● **Task statement**
Reproduce each line, exactly, from the one containing "Cassidy with a disney cap in her hand" through the end of the material. Exclude pictures.

---*---

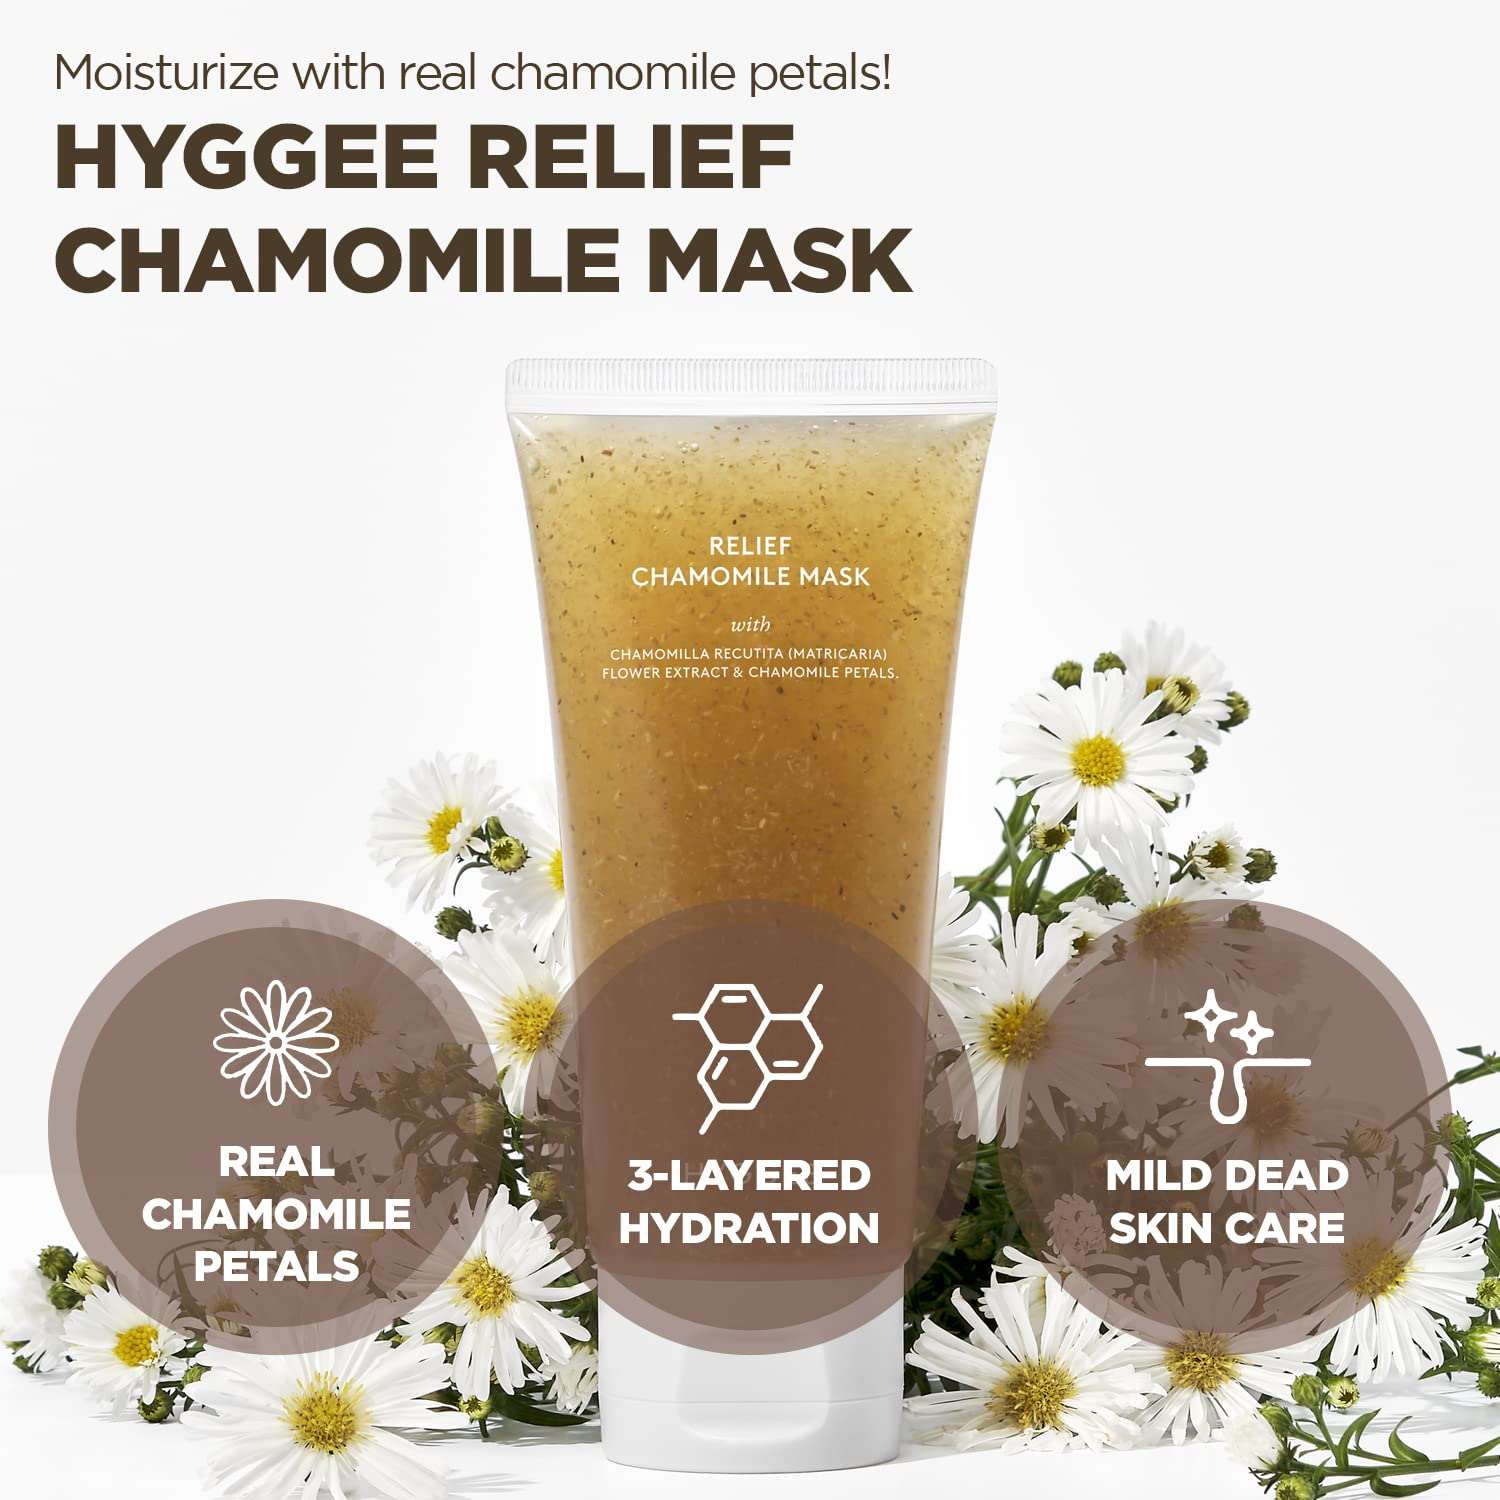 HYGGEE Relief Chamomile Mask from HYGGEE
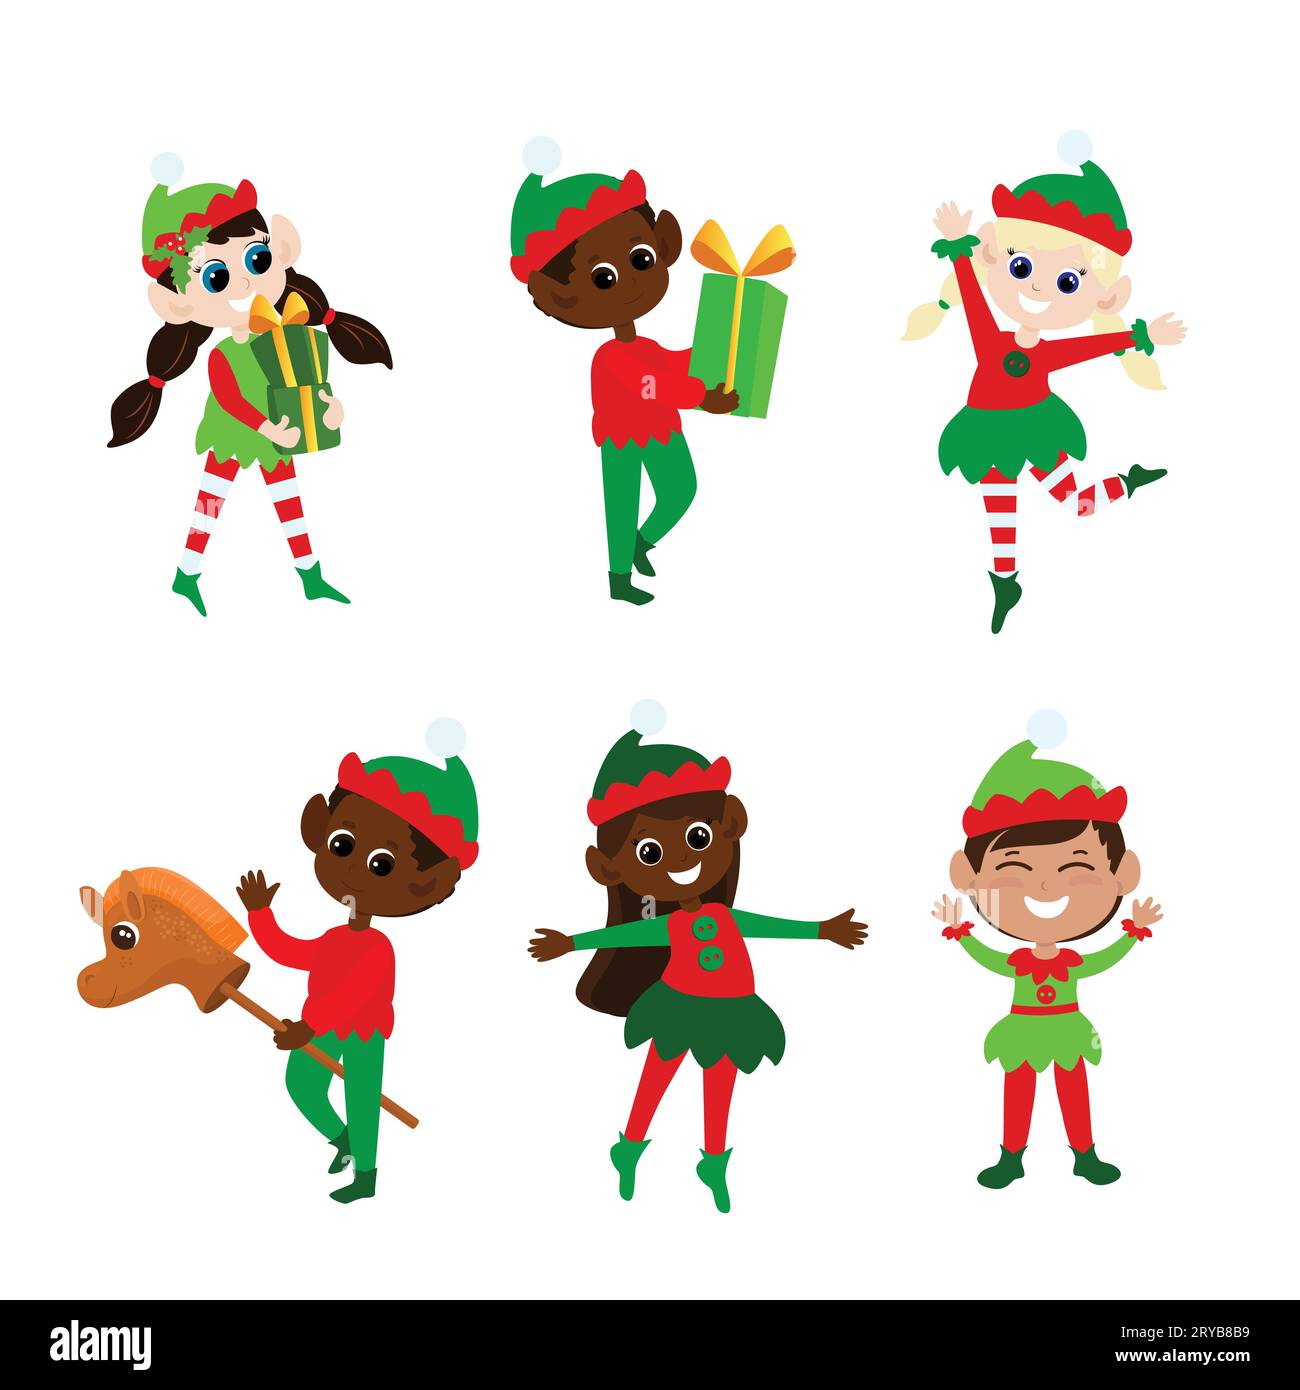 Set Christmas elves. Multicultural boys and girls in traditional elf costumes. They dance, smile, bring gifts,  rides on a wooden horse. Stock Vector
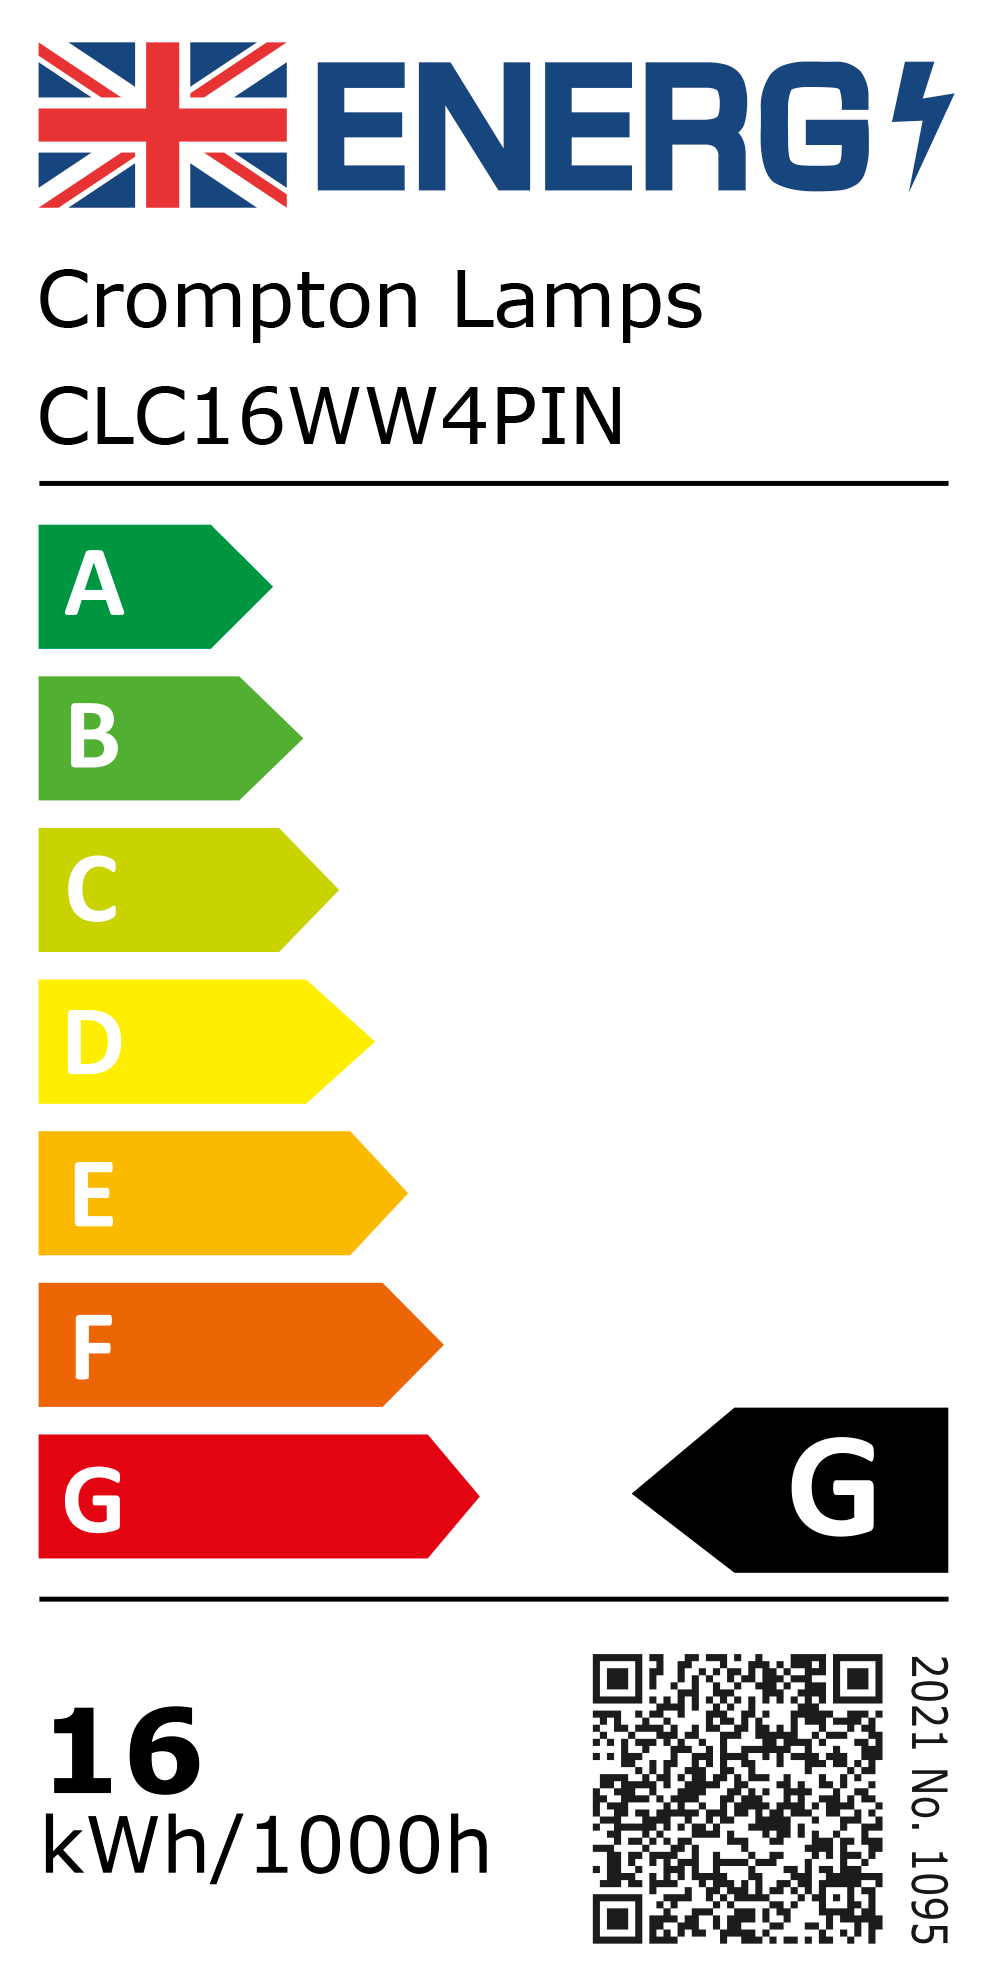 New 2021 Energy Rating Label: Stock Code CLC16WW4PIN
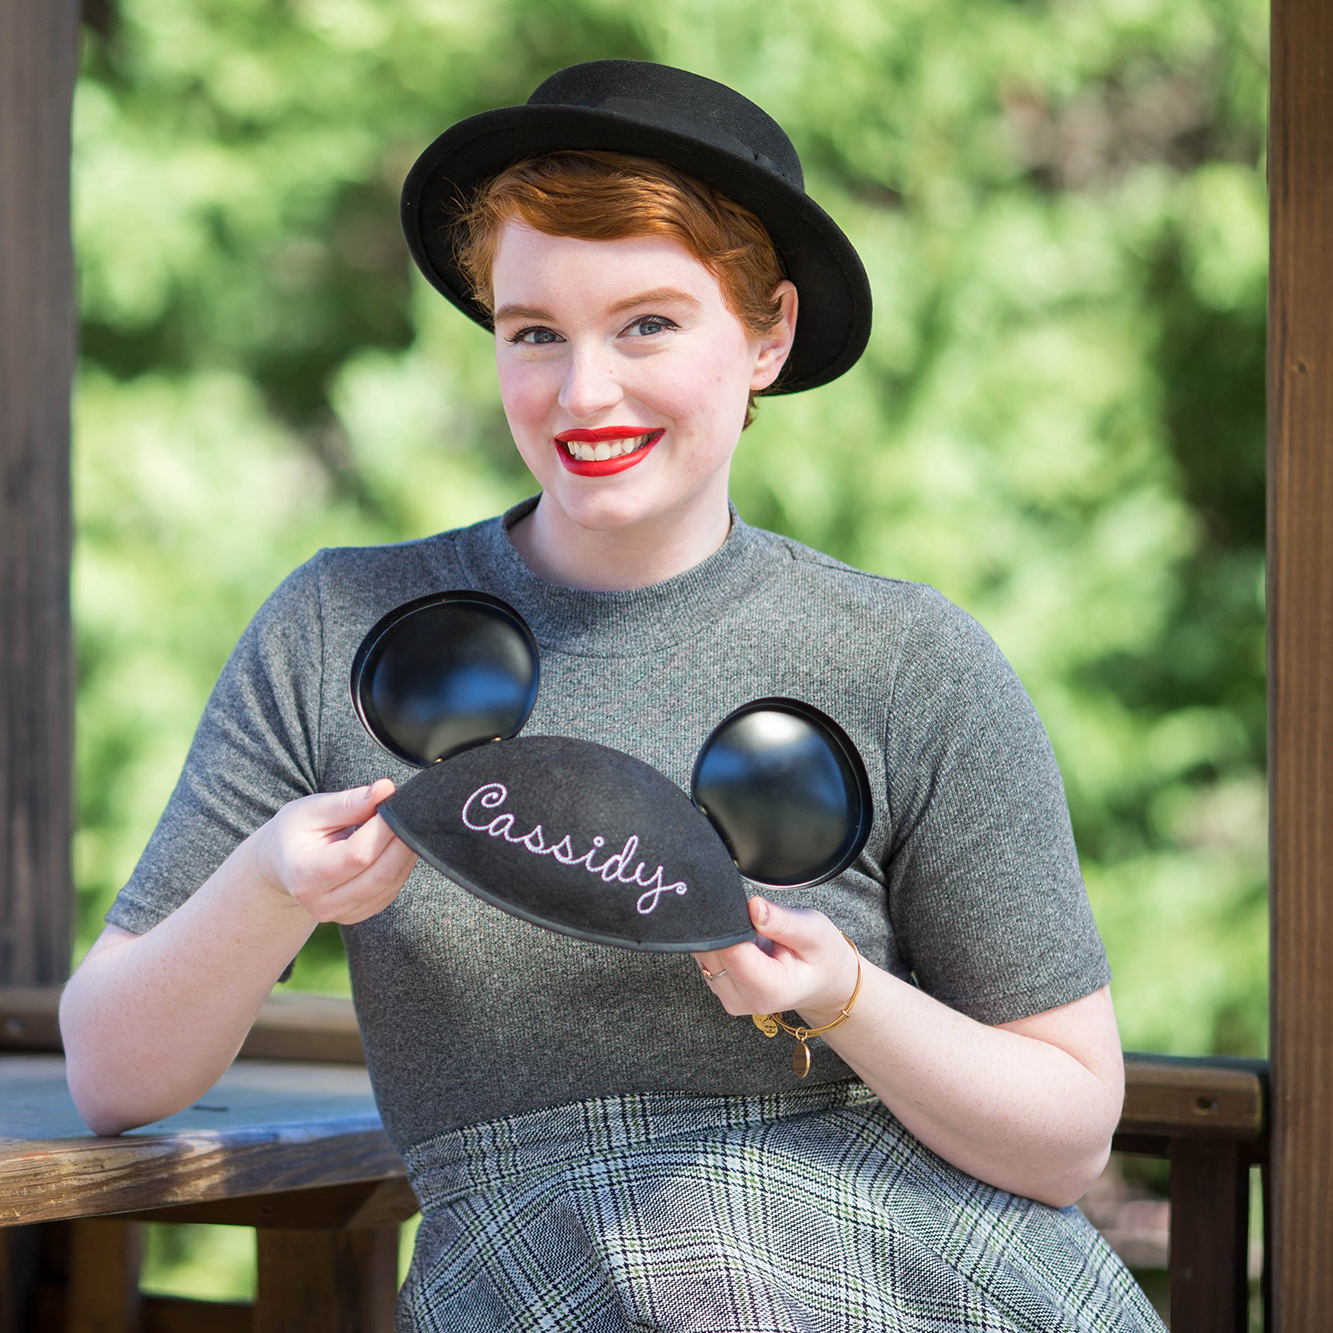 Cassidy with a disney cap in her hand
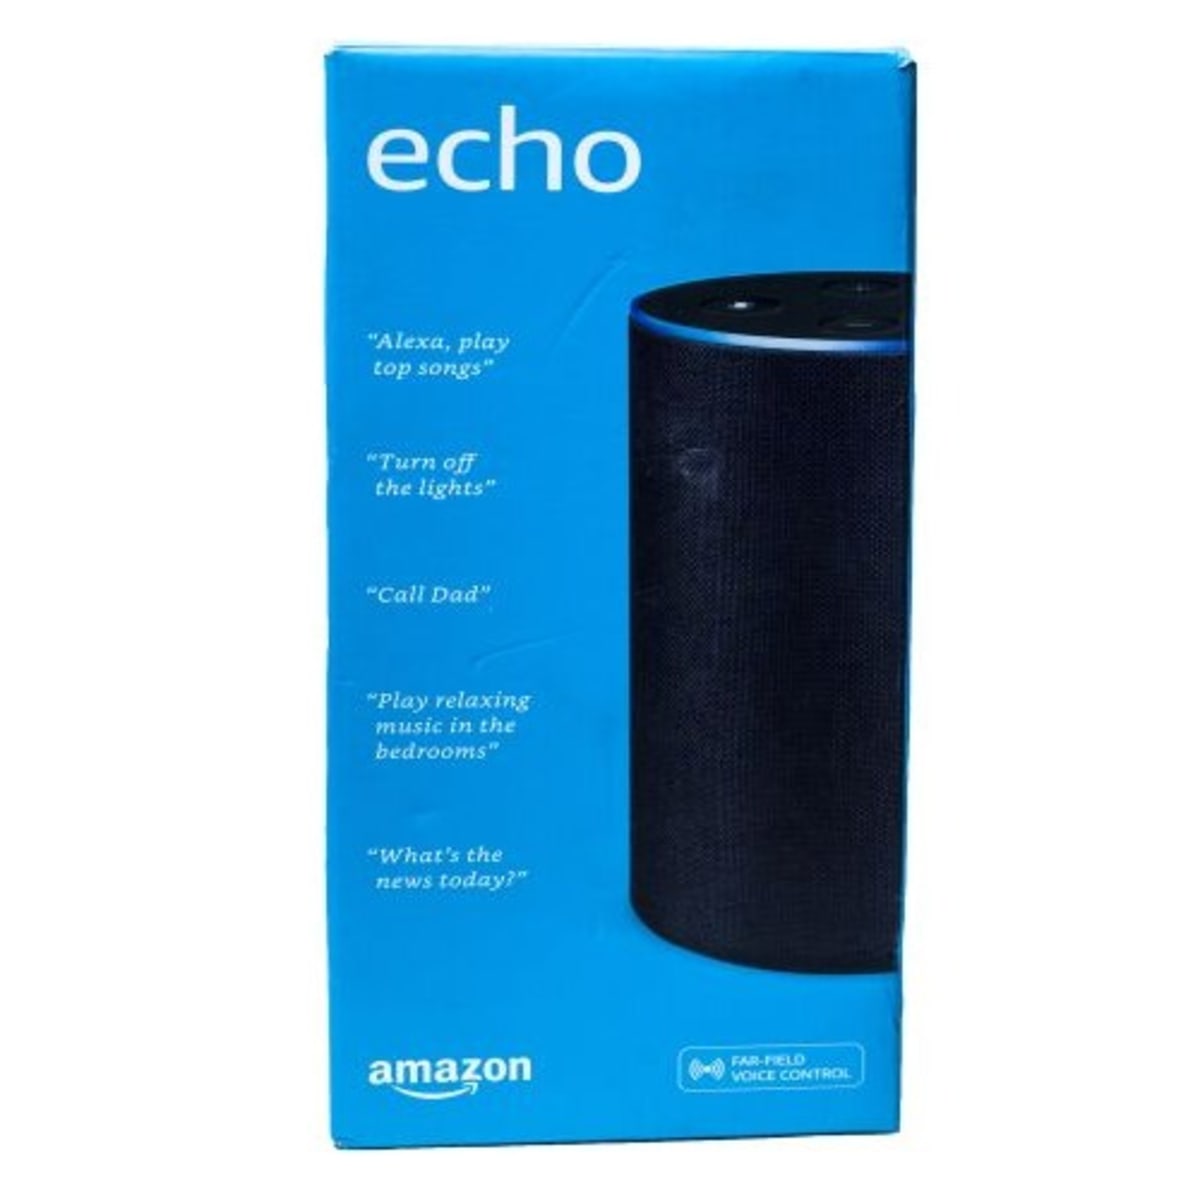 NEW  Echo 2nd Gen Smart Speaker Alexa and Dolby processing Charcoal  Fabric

---*---

● **Written solution**
 Cassidy with a disney cap in her hand
 NEW  Echo 2nd Gen Smart Speaker Alexa and Dolby processing Charcoal  Fabric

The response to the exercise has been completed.